_Exercise description_
Filter the entries for the word "STEPN". Copy each line in which it occurs.

Stored entries:
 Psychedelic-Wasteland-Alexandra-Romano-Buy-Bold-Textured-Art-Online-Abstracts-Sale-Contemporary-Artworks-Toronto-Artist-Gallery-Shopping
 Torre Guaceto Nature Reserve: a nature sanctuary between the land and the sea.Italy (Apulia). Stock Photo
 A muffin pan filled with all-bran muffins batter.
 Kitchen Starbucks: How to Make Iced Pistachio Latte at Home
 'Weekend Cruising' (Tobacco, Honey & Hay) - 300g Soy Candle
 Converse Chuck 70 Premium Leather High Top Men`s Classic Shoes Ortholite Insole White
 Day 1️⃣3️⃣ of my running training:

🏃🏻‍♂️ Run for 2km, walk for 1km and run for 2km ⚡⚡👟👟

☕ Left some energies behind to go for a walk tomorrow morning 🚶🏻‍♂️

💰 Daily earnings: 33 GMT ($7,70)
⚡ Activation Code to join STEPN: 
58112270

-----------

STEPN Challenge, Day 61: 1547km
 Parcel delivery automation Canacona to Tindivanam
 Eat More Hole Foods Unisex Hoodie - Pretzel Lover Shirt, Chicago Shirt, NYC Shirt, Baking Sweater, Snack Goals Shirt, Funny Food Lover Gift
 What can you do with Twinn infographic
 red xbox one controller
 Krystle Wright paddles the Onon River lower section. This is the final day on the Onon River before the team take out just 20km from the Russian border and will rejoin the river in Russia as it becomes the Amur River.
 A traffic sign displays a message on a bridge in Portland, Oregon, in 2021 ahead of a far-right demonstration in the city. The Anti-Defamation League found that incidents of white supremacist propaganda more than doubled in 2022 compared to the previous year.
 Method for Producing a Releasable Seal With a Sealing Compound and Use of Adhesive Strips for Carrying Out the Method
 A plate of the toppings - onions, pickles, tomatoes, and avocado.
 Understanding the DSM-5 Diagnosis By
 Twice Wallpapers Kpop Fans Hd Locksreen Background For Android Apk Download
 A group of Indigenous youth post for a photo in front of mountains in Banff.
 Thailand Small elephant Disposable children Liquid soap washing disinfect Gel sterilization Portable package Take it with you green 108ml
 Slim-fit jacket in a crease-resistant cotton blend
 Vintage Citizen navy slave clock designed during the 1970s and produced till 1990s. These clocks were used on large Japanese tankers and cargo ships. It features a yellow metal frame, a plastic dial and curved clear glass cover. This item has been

_The answer_
⚡ Activation Code to join STEPN: 
STEPN Challenge, Day 61: 1547km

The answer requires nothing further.